Attention-based multimodal deep learning for interpretable and generalizable prediction of pathological complete response in breast cancer.
Authors
Affiliations (4)
Affiliations (4)
- Department of Diagnostic Radiology, Warren Alpert Medical School of Brown University, Providence, RI, USA.
- Department of Radiology, Montefiore Health System and Albert Einstein College of Medicine, Bronx, NY, USA.

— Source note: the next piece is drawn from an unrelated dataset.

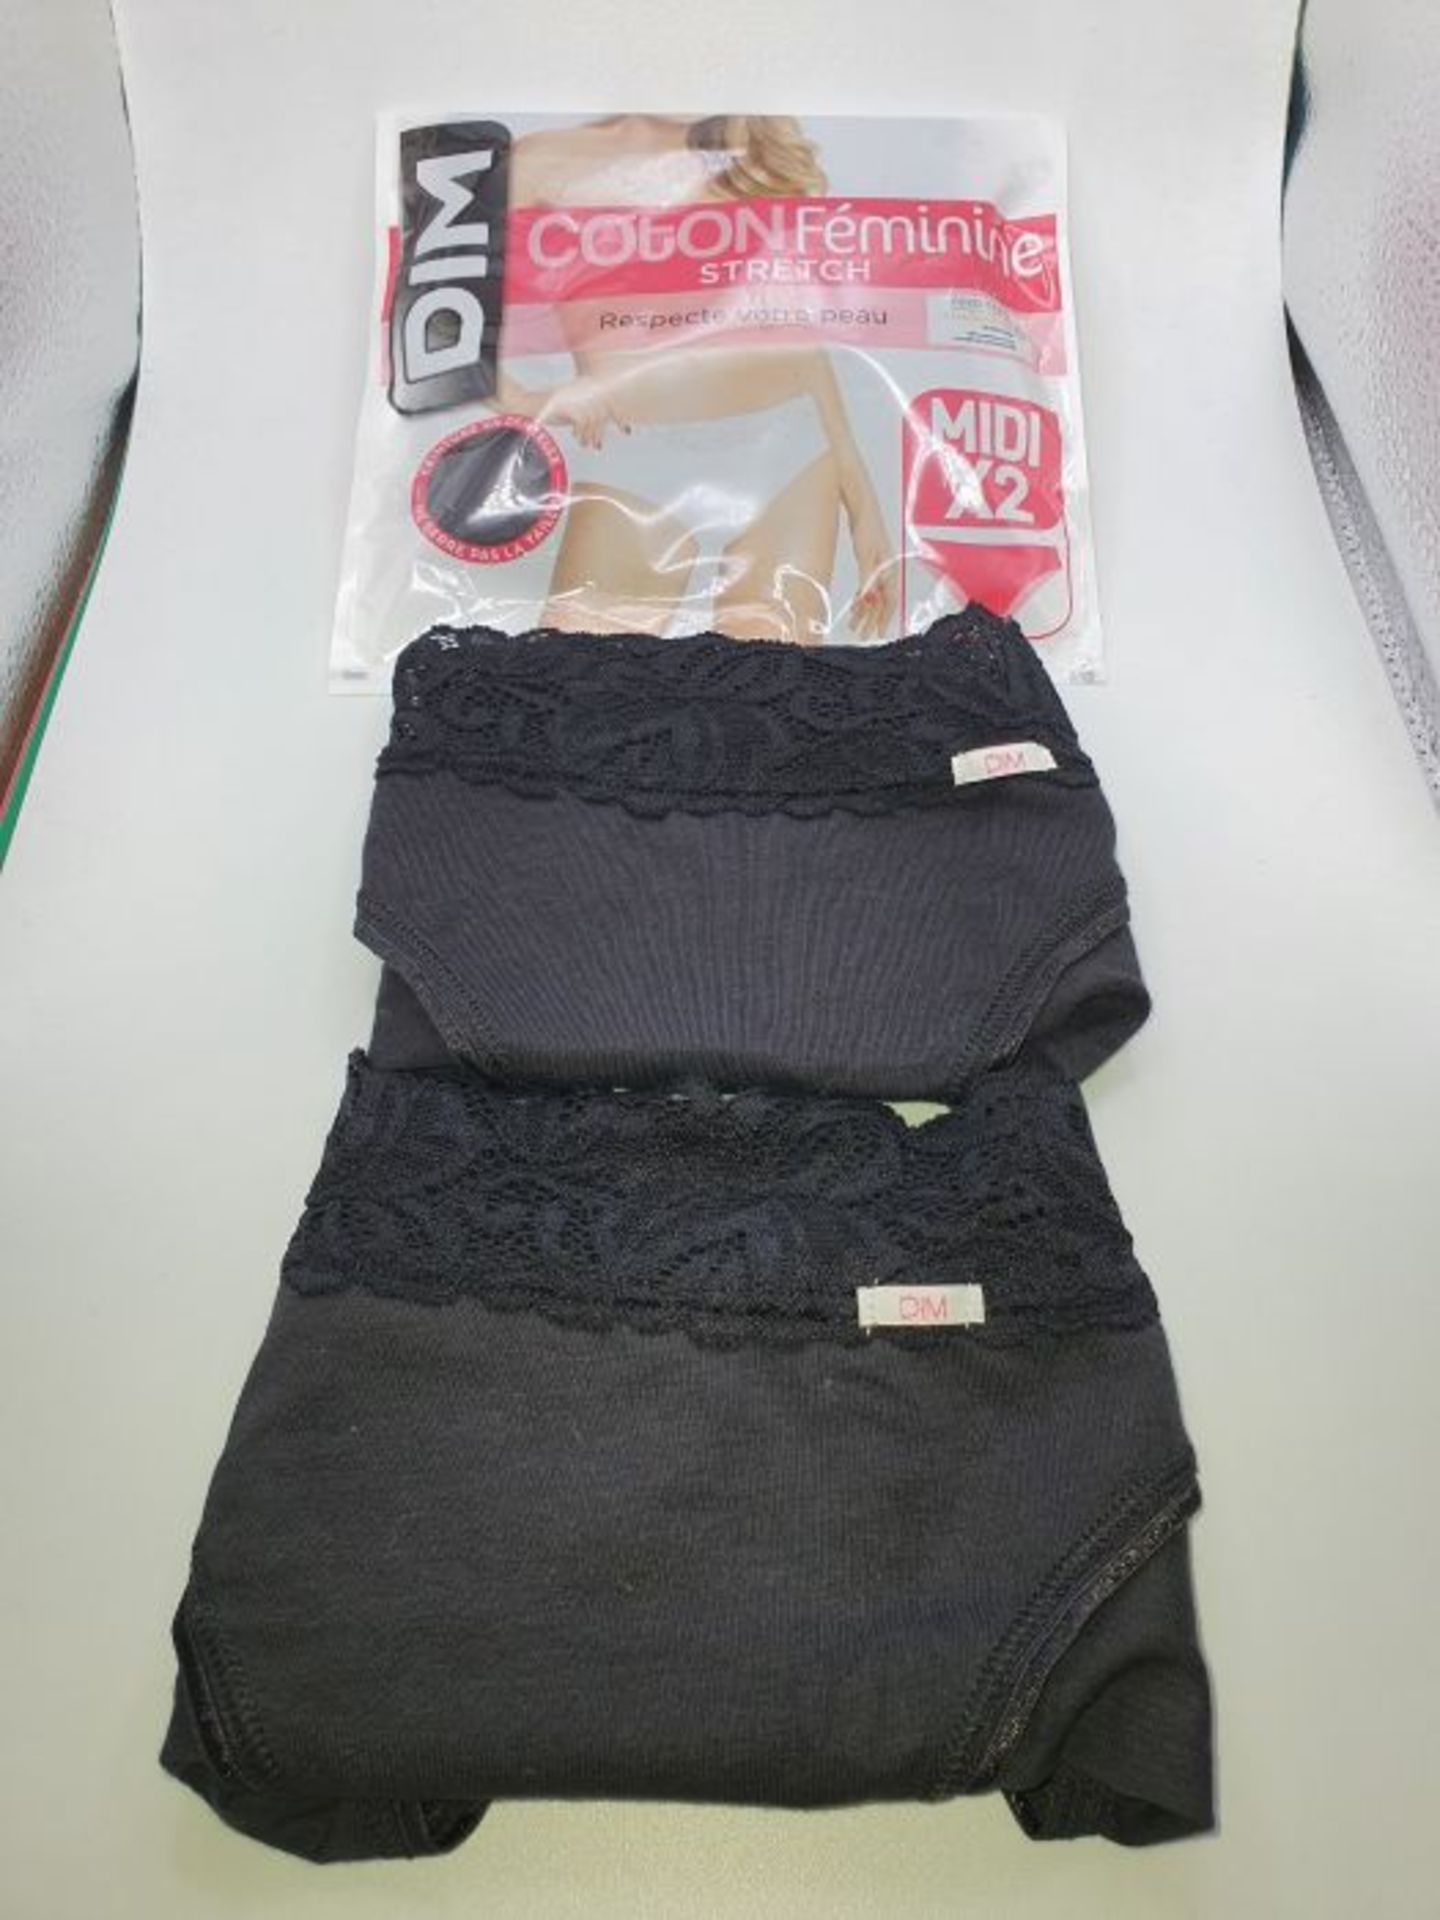 DIM Women's Culotte Coton Feminine Midi X4 (2x2) Knickers, Black (Noir/Noir/Noir/Noir - Image 3 of 3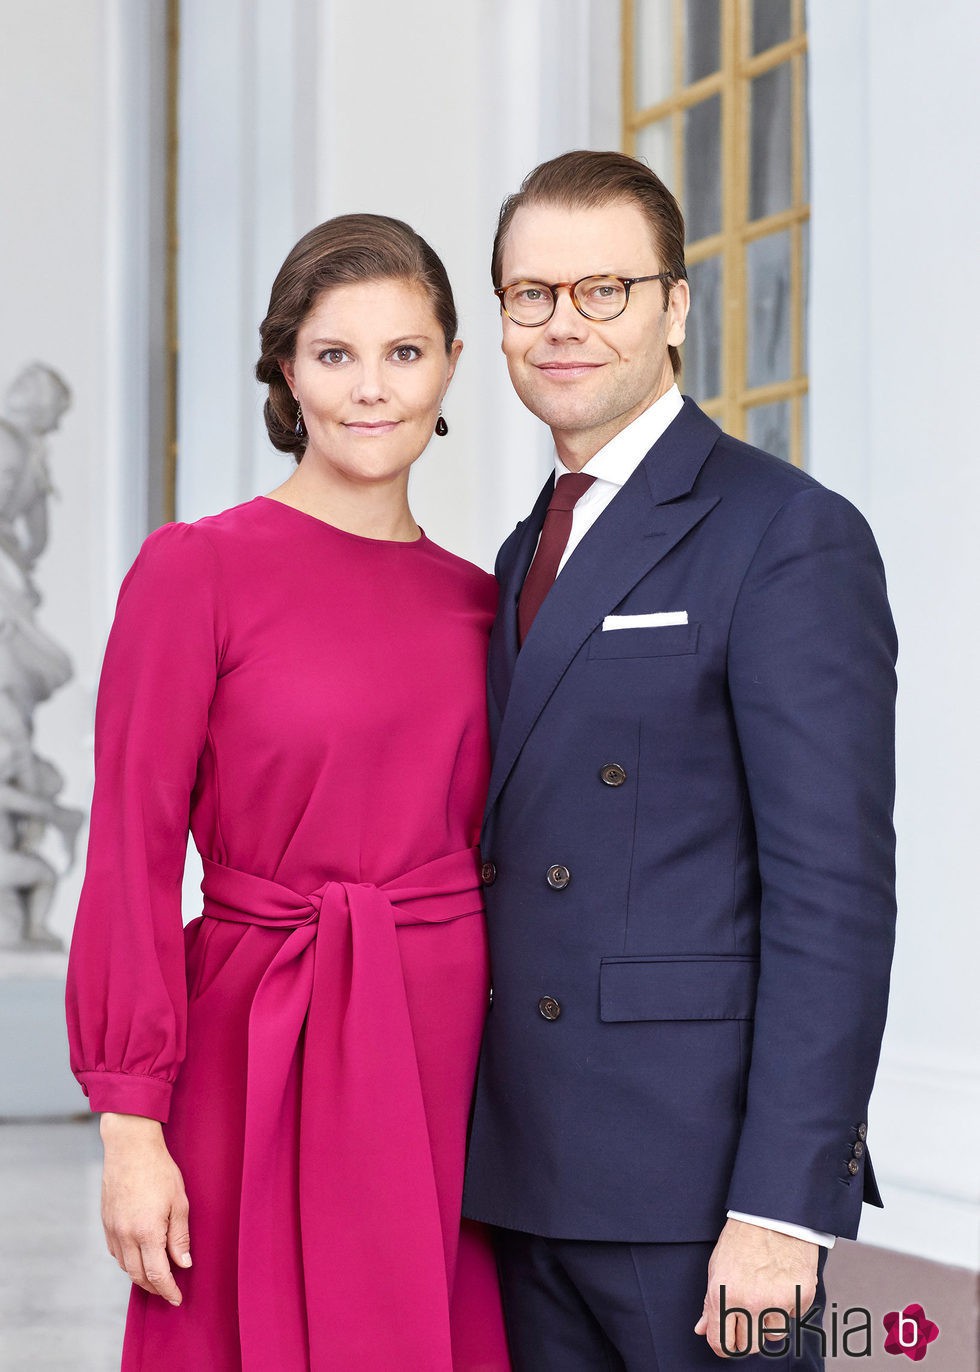 Foto oficial de la Princesa Victoria y el Príncipe Daniel de Suecia

- Department of Diagnostic Radiology, Warren Alpert Medical School of Brown University, Providence, RI, USA. [email protected].
- Department of Radiology, Montefiore Health System and Albert Einstein College of Medicine, Bronx, NY, USA. [email protected].
Abstract
Accurate prediction of pathological complete response (pCR) to neoadjuvant chemotherapy has significant clinical utility in the management of breast cancer treatment. Although multimodal deep learning models have shown promise for predicting pCR from medical imaging and other clinical data, their adoption has been limited due to challenges with interpretability and generalizability across institutions. We developed a multimodal deep learning model combining post contrast-enhanced whole-breast MRI at pre- and post-treatment timepoints with non-imaging clinical features. The model integrates 3D convolutional neural networks and self-attention to capture spatial and cross-modal interactions. We utilized two public multi-institutional datasets to perform internal and external validation of the model. For model training and validation, we used data from the I-SPY 2 trial (N = 660). For external validation, we used the I-SPY 1 dataset (N = 114). Of the 660 patients in I-SPY 2, 217 patients achieved pCR (32.88%). Of the 114 patients in I-SPY 1, 29 achieved pCR (25.44%). The attention-based multimodal model yielded the best predictive performance with an AUC of 0.73 ± 0.04 on the internal data and an AUC of 0.71 ± 0.02 on the external dataset. The MRI-only model (internal AUC = 0.68 ± 0.03, external AUC = 0.70 ± 0.04) and the non-MRI clinical features-only model (internal AUC = 0.66 ± 0.08, external AUC = 0.71 ± 0.03) trailed in performance, indicating the combination of both modalities is most effective. We present a robust and interpretable deep learning framework for pCR prediction in breast cancer patients undergoing NAC. By combining imaging and clinical data with attention-based fusion, the model achieves strong predictive performance and generalizes across institutions.